Space is a vacuum. i.e. The lack-of-a-thing that makes a thermos great at keeping your drink hot. A satellite is, if nothing else, a fantastic thermos. A data center in space would necessarily rely completely on cooling by radiation, unlike a terrestrial data center that can make use of convection and conduction. You can't just pipe heat out into the atmosphere or build a heat exchanger. You can't exchange heat with vacuum. You can only radiate heat into it.
Heat is going to limit the compute that can be done in a satellite data centre and radiative cooling solutions are going to massively increase weight. It makes far more sense to build data centers in the arctic.
Musk is up to something here. This could be another hyperloop (i.e. A distracting promise meant to sabotage competition). It could be a legal dodge. It could be a power grab. What it will not be is a useful source of computing power. Anyone who takes this venture seriously is probably going to be burned.
Note that KSP is a game that fictionalizes a lot of things, and sizes of solar panels and radiators are one of those things.

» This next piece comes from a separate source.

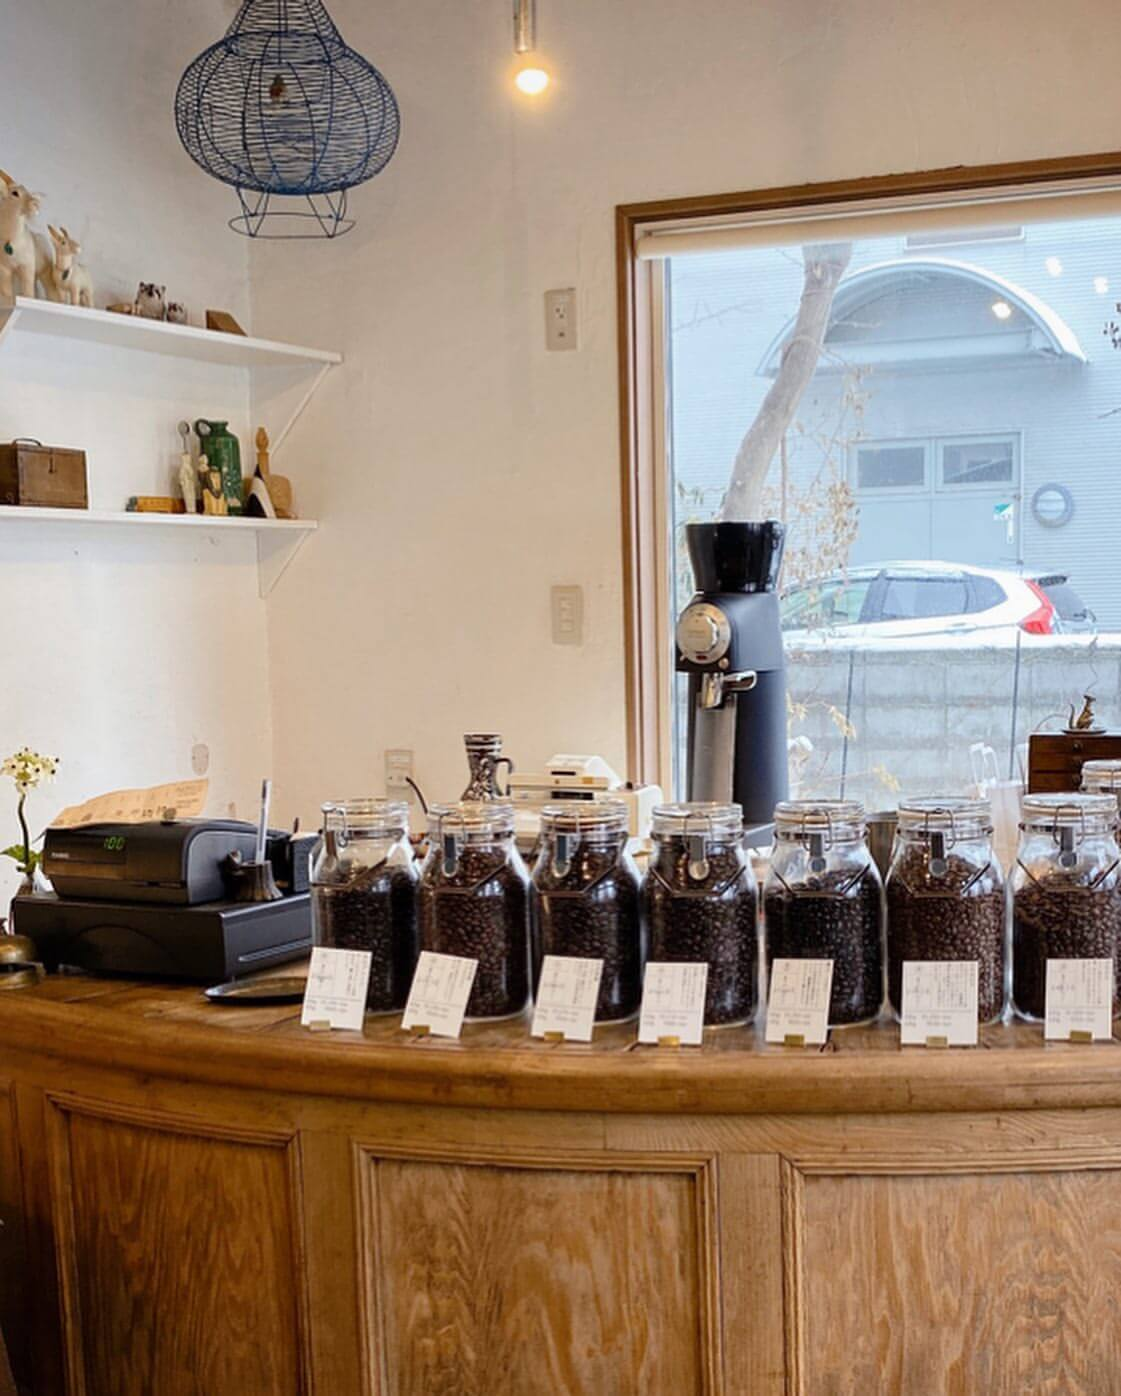 石田珈琲店で販売しているコーヒー豆
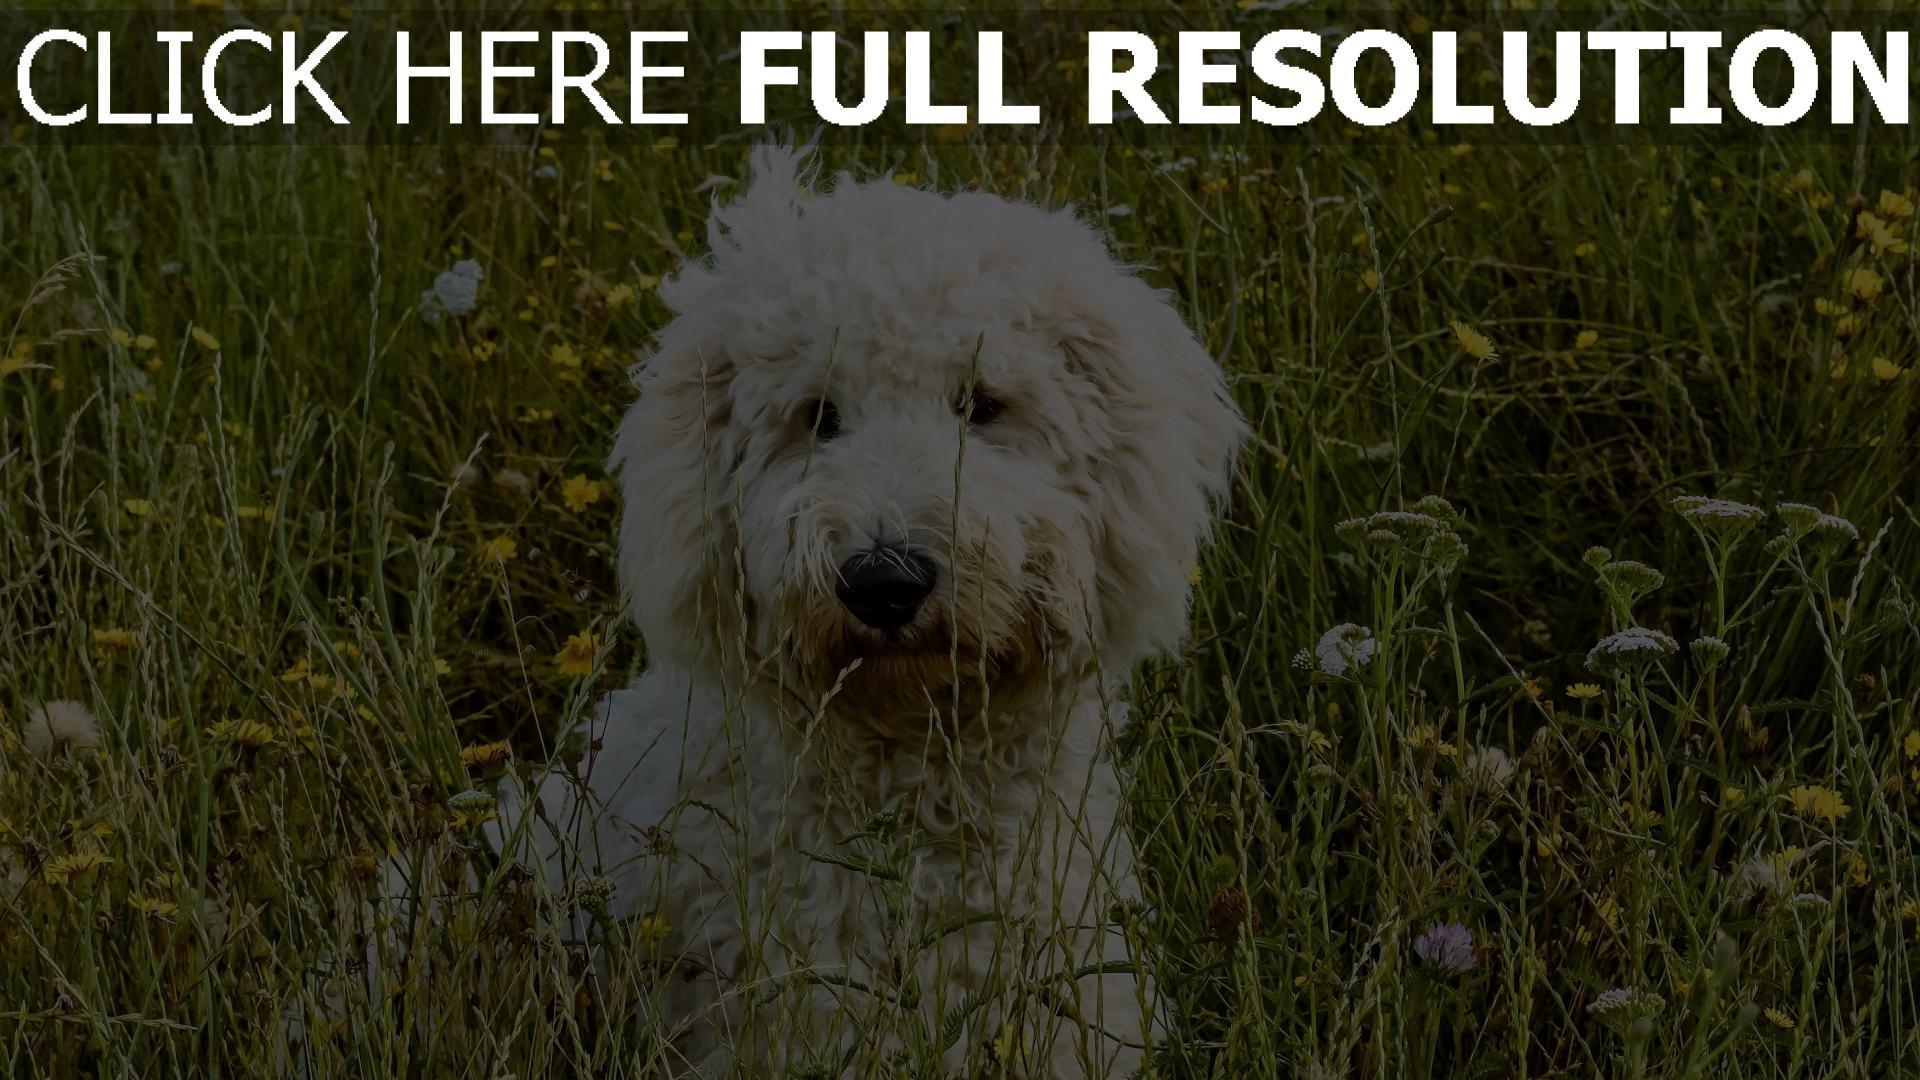 hd hintergrundbilder hund gras goldendudl 1920x1080

To be clear I’m not advocating KSP as a reality simulator, or that data centers in space isn’t totally bonkers. However the reality is the hotter the radiator the smaller the surface area for pure radiance dissipation of heat.
Can you point to a terrestrial system similar to what you are proposing? Liquid cooling and phase change cooling in computers always has a radiator that is cooler than the component it is chilling.
You can do this in theory, but it takes so much power you are better off with some heat pumping to much bigger passive radiators that are cooler than your silicon (like everything else in space).